Some examples of the method, wireless devices, and non-transitory computer-readable medium described herein may further include operations, features, means, or instructions for updating a reception time window for the set of one or more PDUs based on the at least one NACK for the at least one PDU and according to the selected value of the set of multiple values for the ARQ procedure associated with the RLC entity of the wireless device and transmitting, to a second wireless device, an indication of the updated reception time window for the set of one or more PDUs.

In some examples of the method, wireless devices, and non-transitory computer-readable medium described herein, the second set of one or more parameters indicates one or more of a dropping time window that enables the wireless device to drop a quantity of PDUs of the set of one or more PDUs, a counter associated with tracking the dropped quantity of PDUs, a drop rate associated with the dropped quantity of PDUs of the set of one or more PDUs during the dropping time window, or a timer that indicates a threshold duration between dropping at least one first PDU and at least one second PDU of the set of one or more PDUs.

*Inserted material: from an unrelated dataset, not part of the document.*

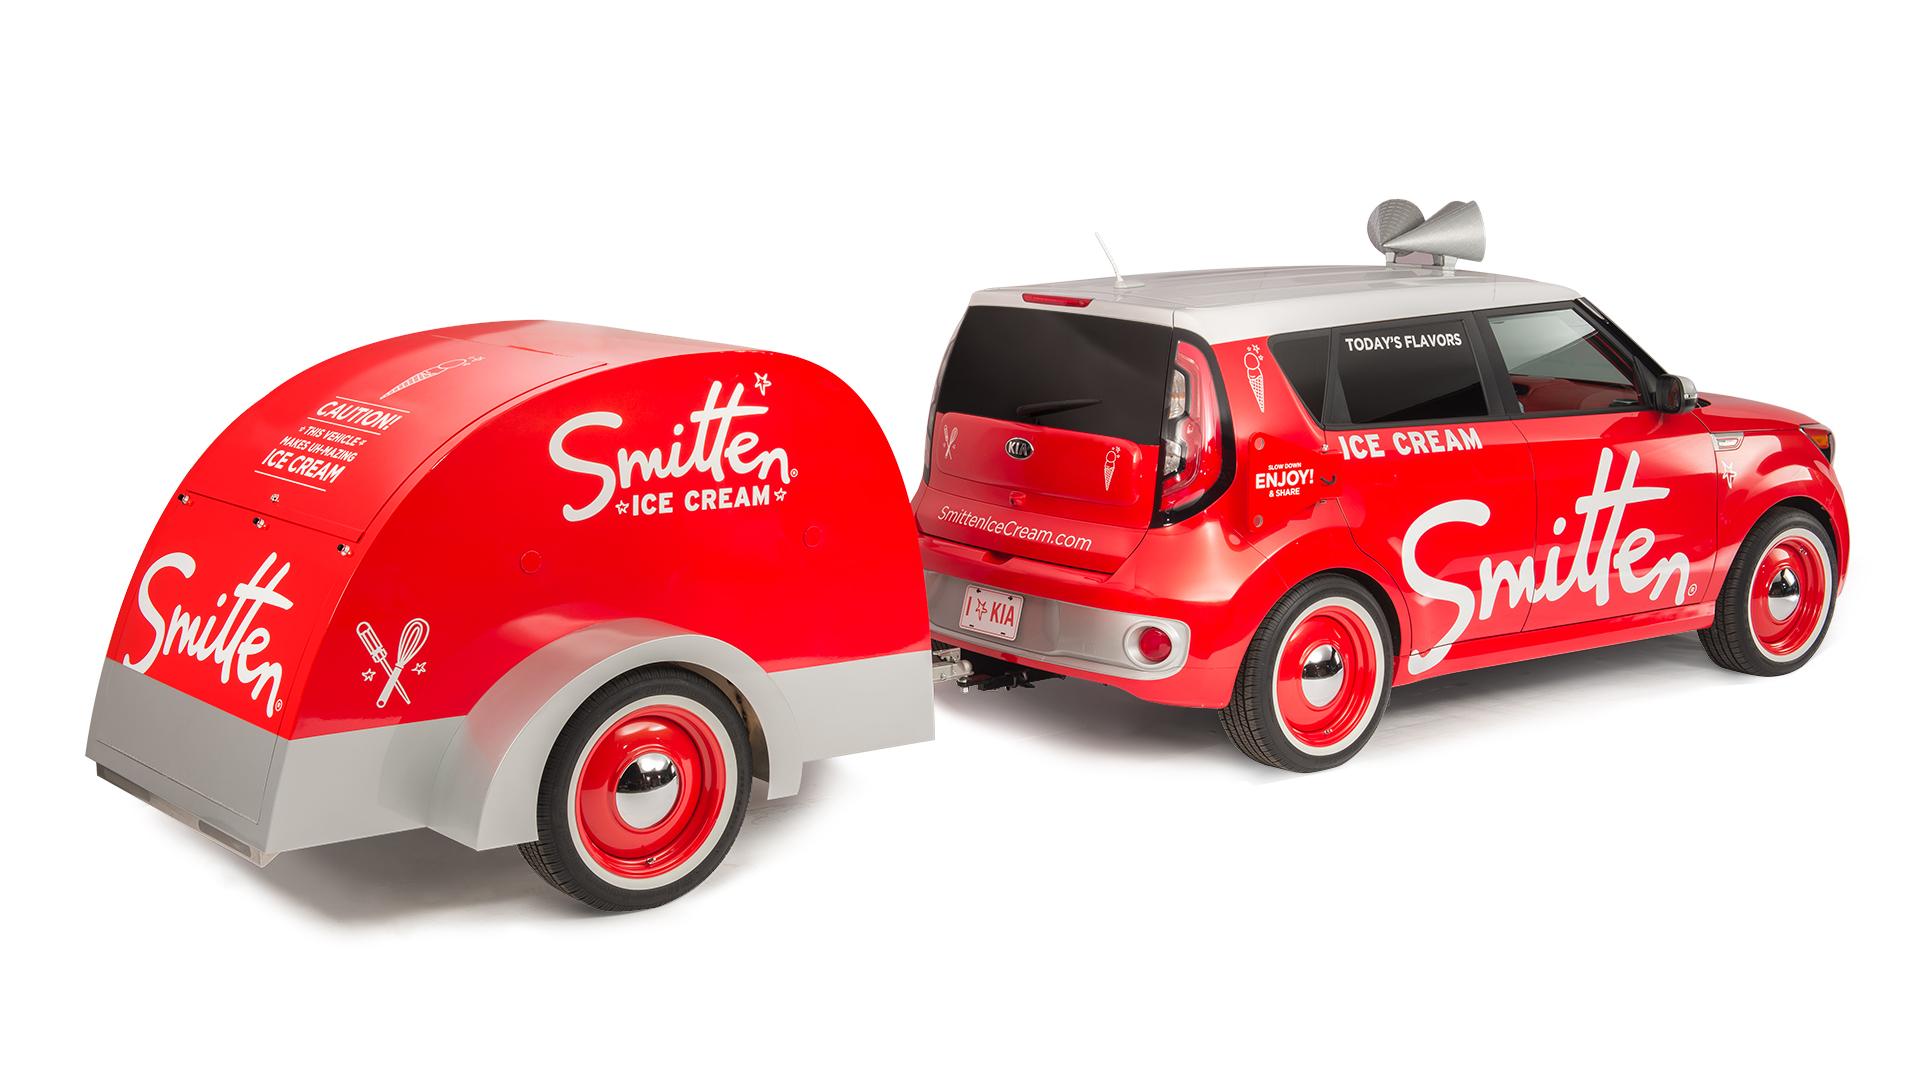 Smitten Ice Cream Smitten Concept Car  Gallagher

Some examples of the method, wireless devices, and non-transitory computer-readable medium described herein may further include operations, features, means, or instructions for transmitting, via the RLC entity of the wireless device, a status report including one or more of the at least one NACK for the at least one PDU, where the status report includes at least one status PDU, and where the at least one status PDU includes at least one field that indicates a sequence number associated with the at least one PDU.

In some examples of the method, wireless devices, and non-transitory computer-readable medium described herein, the sequence number associated with the at least one PDU corresponds to a beginning of a dropping time window that enables the wireless device to drop a quantity of PDUs of the set of one or more PDUs and the sequence number associated with the at least one PDU begins from a last reported dropped sequence number associated with at least one second PDU.

In some examples of the method, wireless devices, and non-transitory computer-readable medium described herein, the at least one status PDU indicates one or more of a count associated with a dropped quantity of PDUs of the set of one or more PDUs during a dropping time window, or a drop rate of the dropped quantity of PDUs of the set of one or more PDUs during the dropping time window.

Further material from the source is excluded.